JollyJack

JollyJack is a high-performance Parquet reader designed to load data directly into NumPy arrays and PyTorch tensors with minimal overhead.

Features

Load Parquet straight into NumPy arrays or PyTorch tensors (fp16, fp32, fp64, int32, int64)
Up to 6× faster and with lower memory use than vanilla PyArrow
Compatibility with PalletJack
Optional io_uring + O_DIRECT backend for I/O-bound workloads

Known limitations

Data must not contain null values
Destination NumPy arrays and PyTorch tensors must be column-major (Fortran-style)

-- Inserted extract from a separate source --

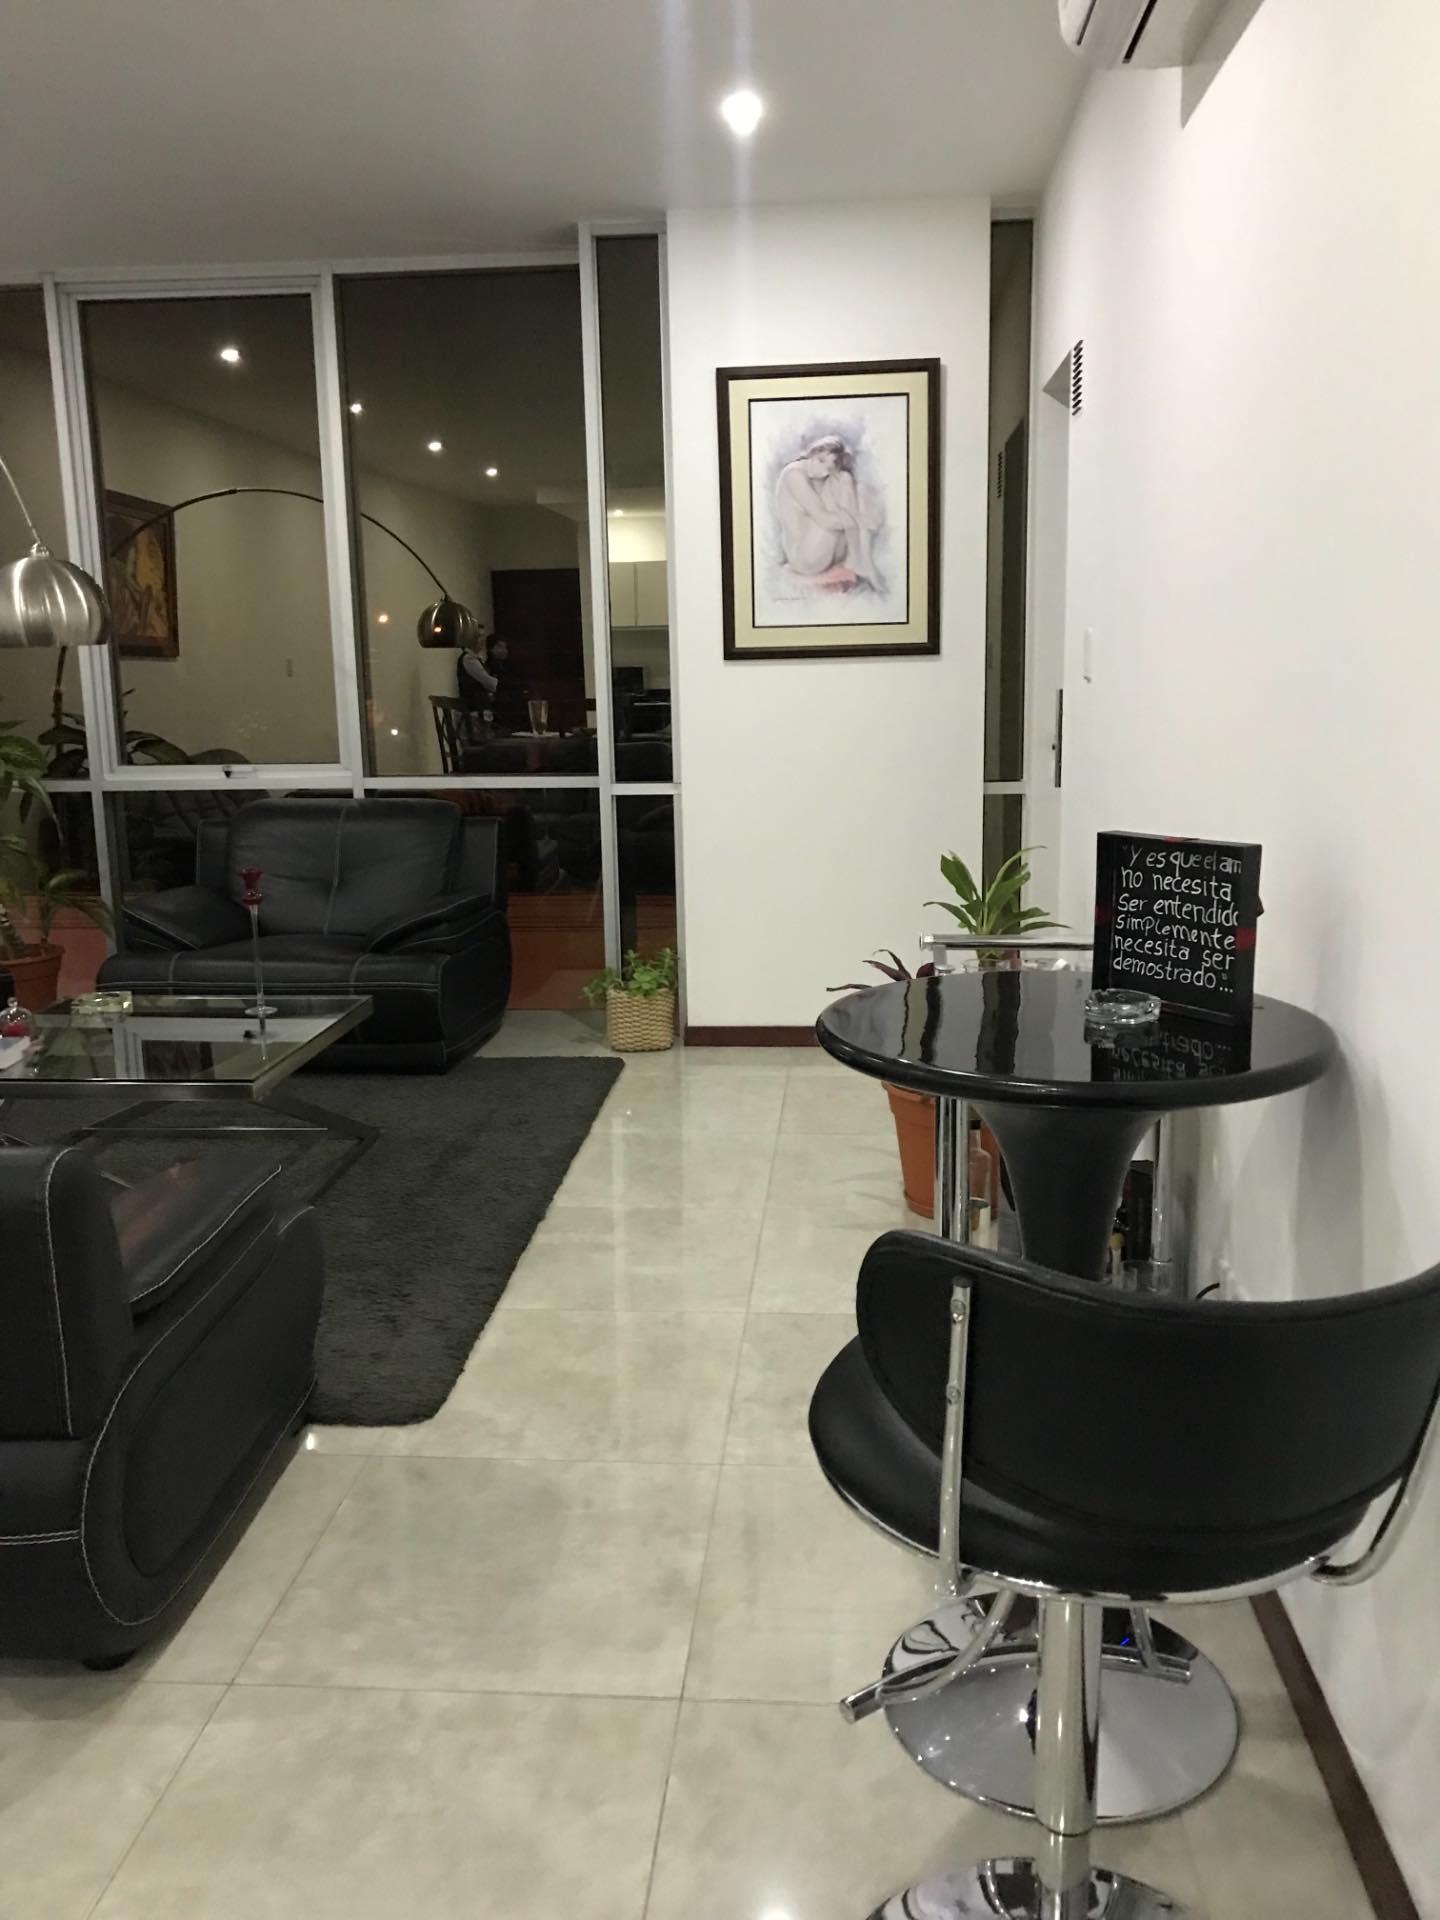 Departamento en Alquiler En exclusivo condominio zona Barrio Las Palmas  Foto 2

Selecting a reader backend

By default, the reader uses the regular file API via parquet::ParquetFileReader. In most cases, this is the recommended choice.

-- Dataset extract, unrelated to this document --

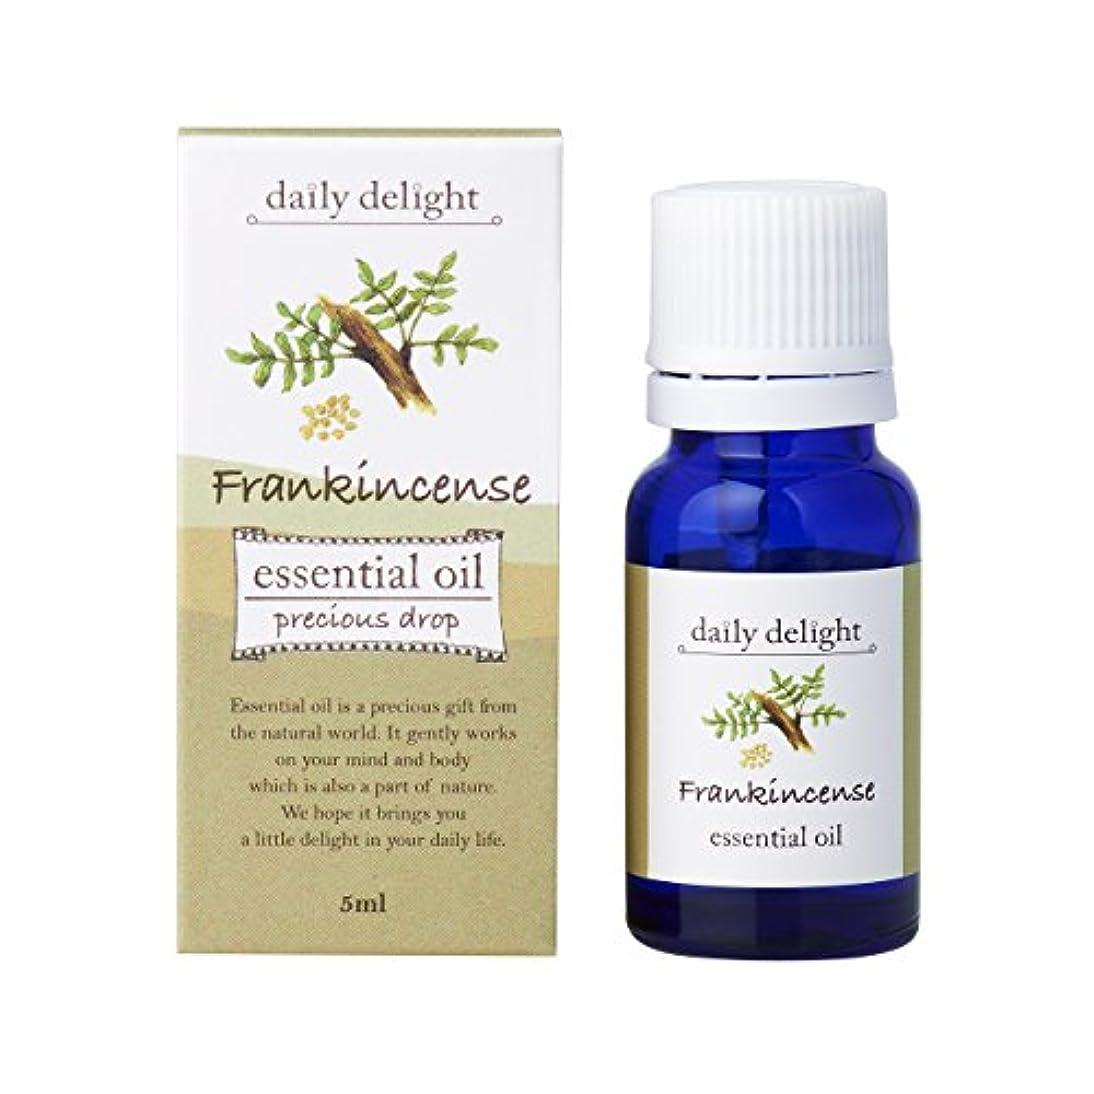 ソーセージほうきホステスデイリーディライト エッセンシャルオイル フランキンセンス 5ml(天然100% 精油 アロマ 樹脂系 樹脂から採れるさわやかな木の香り)

An alternative reader backend based on io_uring is also available. It can provide better performance, especially for very large datasets and when used together with O_DIRECT.

To enable the alternative backend, set the JJ_READER_BACKEND environment variable to one of the following values:

io_uring - Uses io_uring for async I/O with the page cache
io_uring_odirect - Uses io_uring with O_DIRECT (bypasses the page cache)

Performance tuning tips

JollyJack performance is primarily determined by I/O, threading, and memory allocation behavior. The optimal configuration depends on whether your workload is I/O-bound or memory-/CPU-bound.

Threading strategy

JollyJack can be safely called concurrently from multiple threads.
Parallel reads usually improve throughput, but oversubscribing threads can cause contention and degrade performance.

Reuse destination arrays

Reusing NumPy arrays or PyTorch tensors avoids repeated memory allocation.
While allocation itself is fast, it can trigger kernel contention and degrade performance.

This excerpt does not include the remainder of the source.